- Genre: EDM
- Created by: Hardwell
- Developed by: Hardwell
- No. of episodes: 522

Production
- Running time: 60 minutes

Original release
- Network: YouTube
- Release: 2011 – 2021
- Release: 2023 – present

= Hardwell On Air =

Dutch online music show

Hardwell On Air (HOA) is a monthly online music show hosted by Dutch DJ and record producer Hardwell. The program started as a weekly live broadcast via Hardwell's official YouTube and Facebook profiles and ran from March 4, 2011, until its closure on January 15, 2021. The show was also broadcast by many FM radio stations and online outlets, and episodes were free to download.
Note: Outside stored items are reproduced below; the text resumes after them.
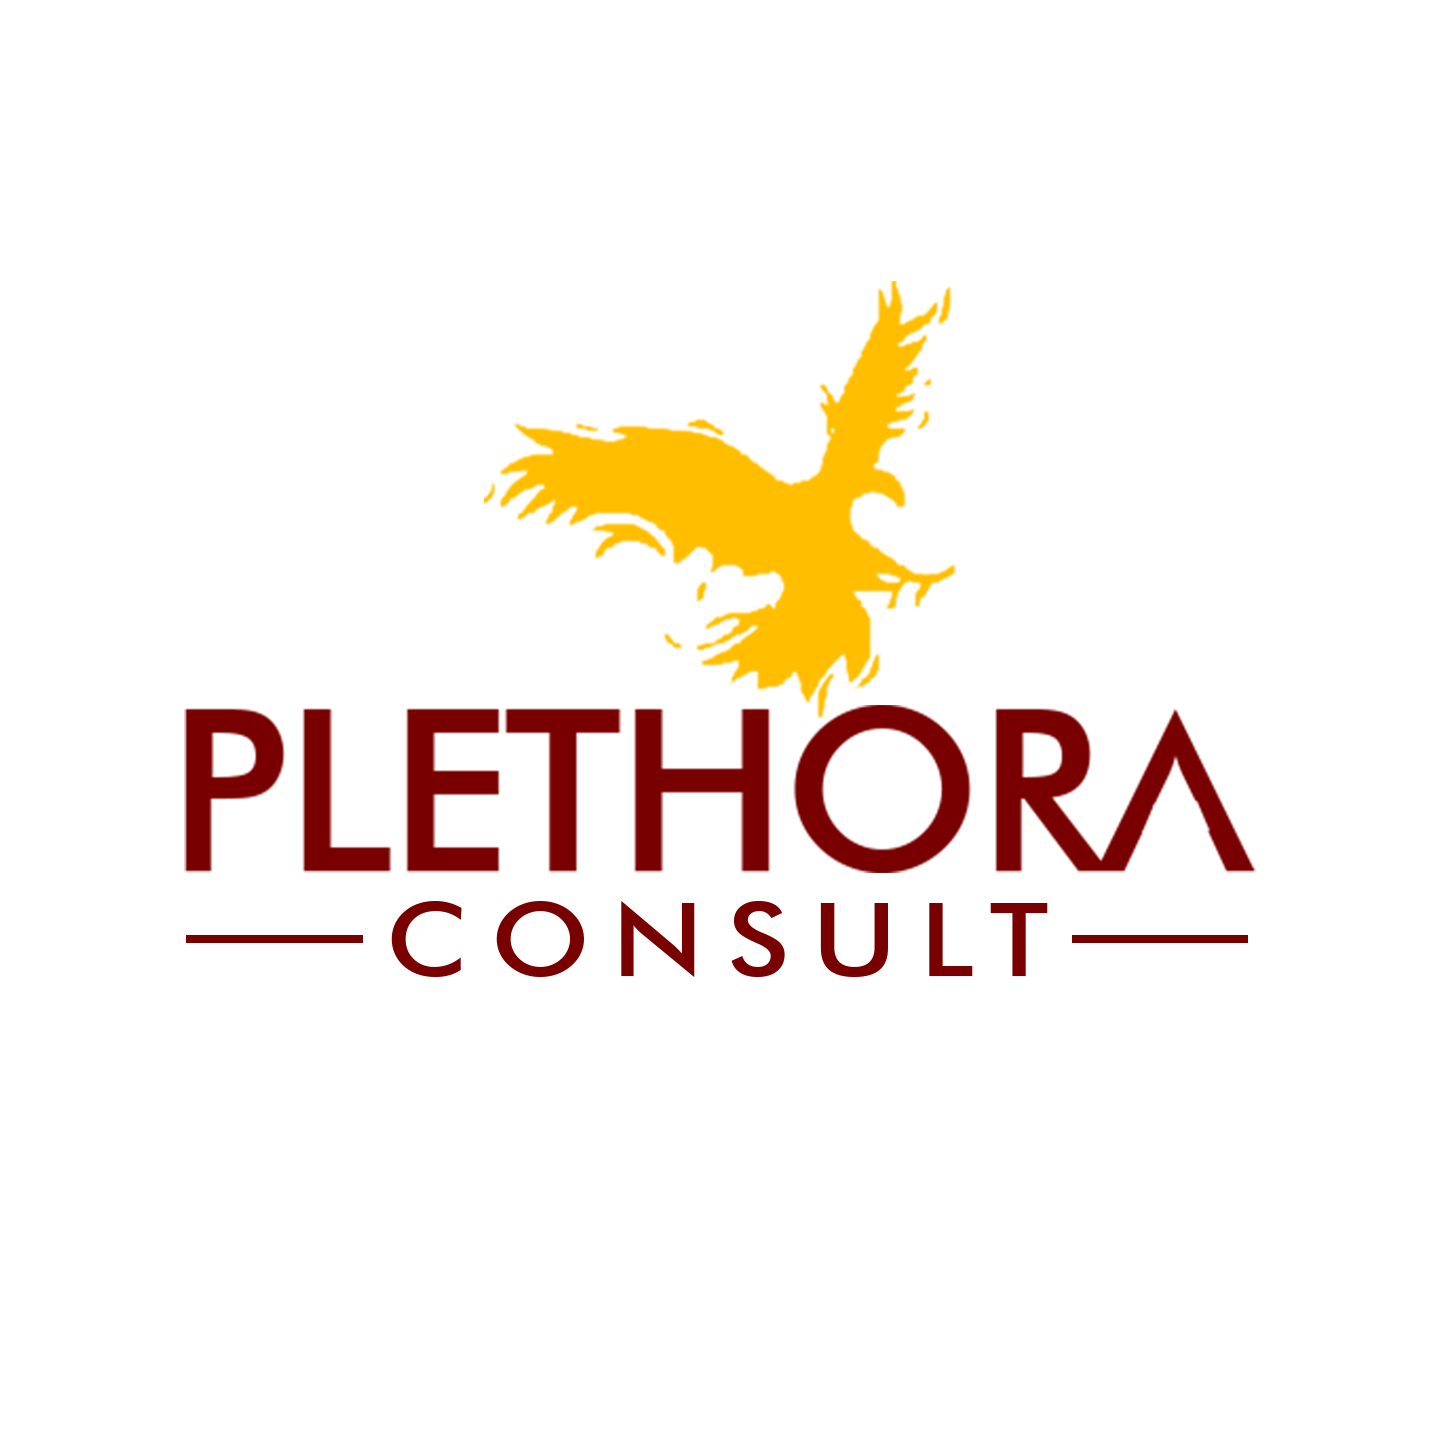 Plethora Consult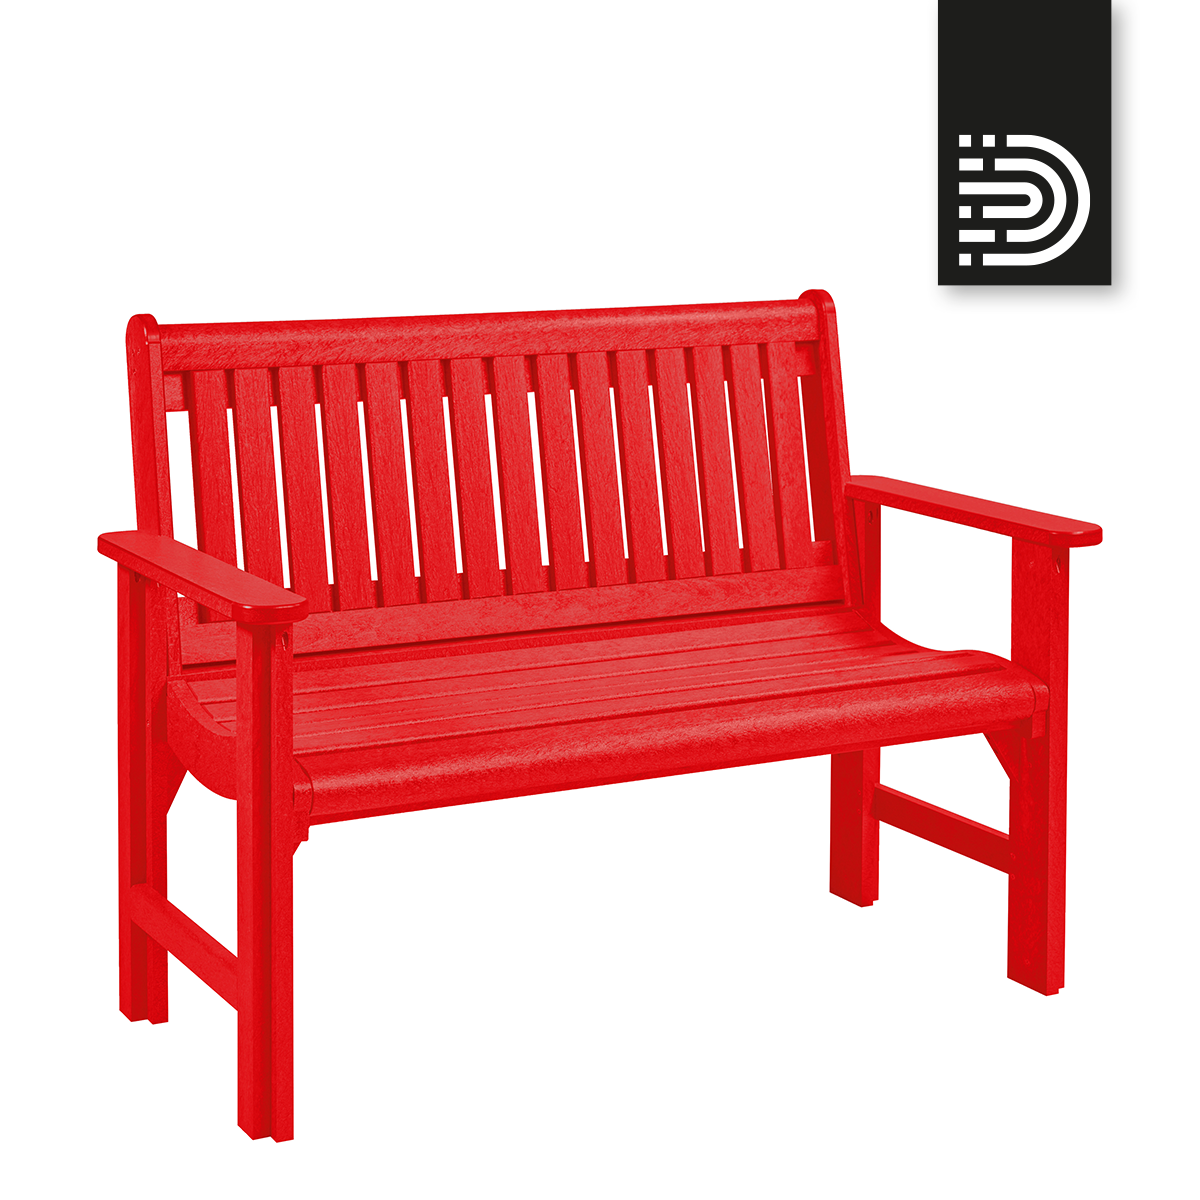 B01 4' Premium Garden Bench- red 01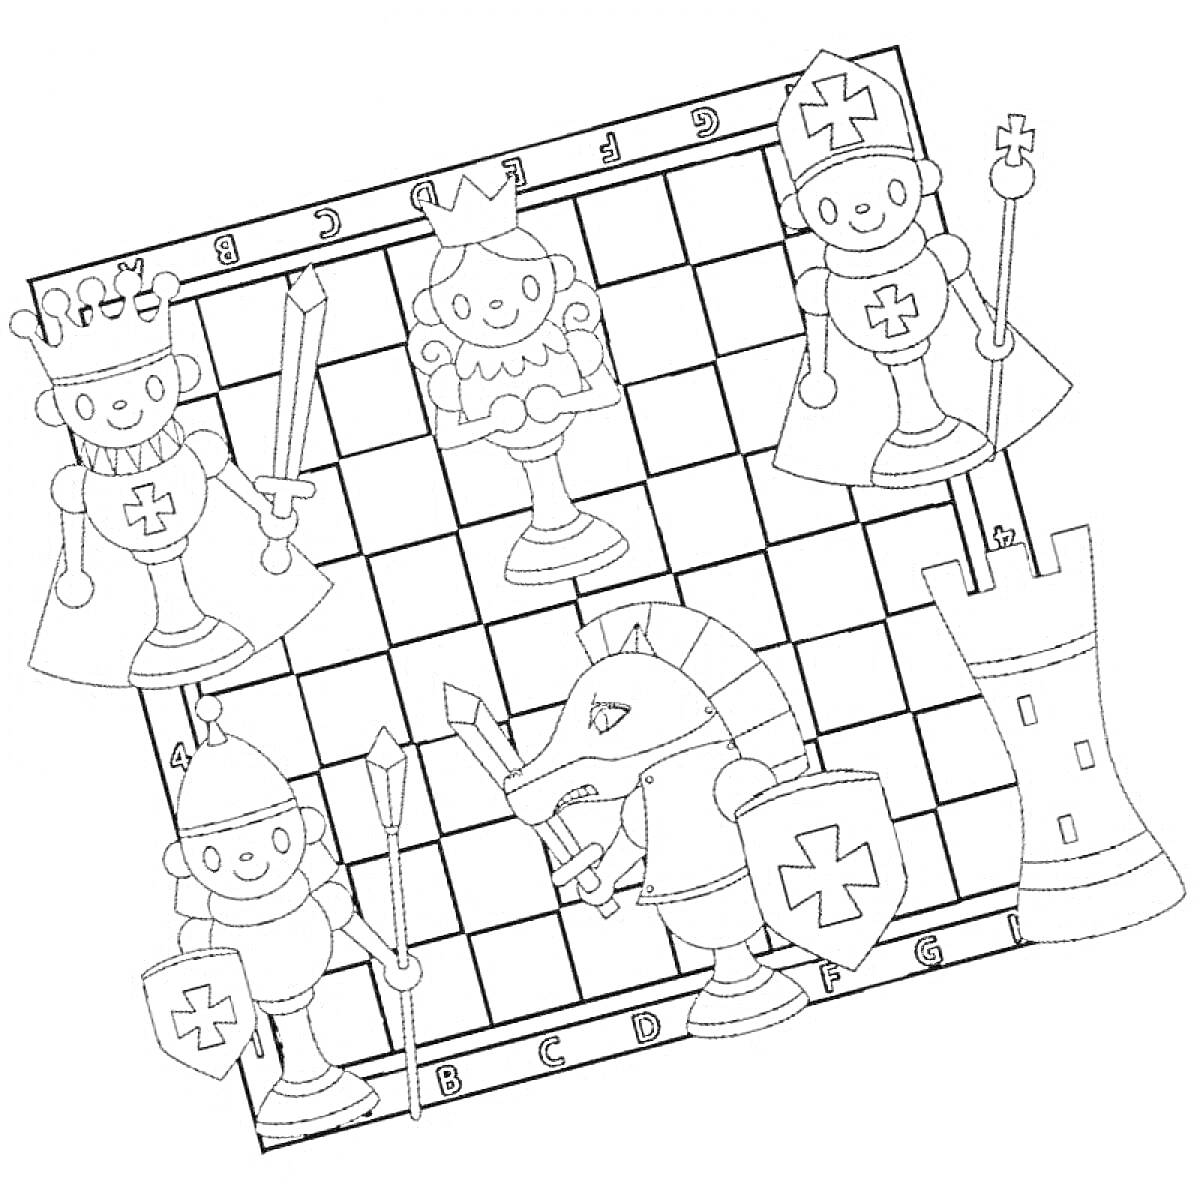 Раскраска с шахматной доской и шахматными фигурами (король, ферзь, ладья, конь, слон, пешка) в образах рыцарей

HOA was put on hiatus after its 500th episode. The show Revealed Selected was announced to take its place, hosted by Adam K of Tomorrowland's One World Radio.

On November 3, 2023, HOA was relaunched as a monthly YouTube livestream after a two-year dormancy. Episodes from the initial decade are archived in a playlist on Hardwell's YouTube channel.

== Concept ==
During the show, Hardwell plays newly released EDM songs in a one-hour mix. Each episode showcases new material in various genres, including big room, progressive house, electro house, and tech house. Episodes frequently conclude with a hardstyle track.

==Episode layout==
The sets have a length of one hour and are initiated with a vocal short. This consists of a distorted voice, which introduces each episode with the same word sequence: "Are we on air? Welcome to the soundtrack of your nightlife. One hour of the present and future. Tune in to Hardwell On Air." The soundtrack of the intro consists of Hardwell's song "Encoded" (released 2011). A follow-up statement from Hardwell can be heard. Usually, one or more smoother songs follow the intro. Since 2023, the soundtrack of the intro consists of Hardwell's song Shotgun (It Ain't Over) featuring Bright Lights (released 2023).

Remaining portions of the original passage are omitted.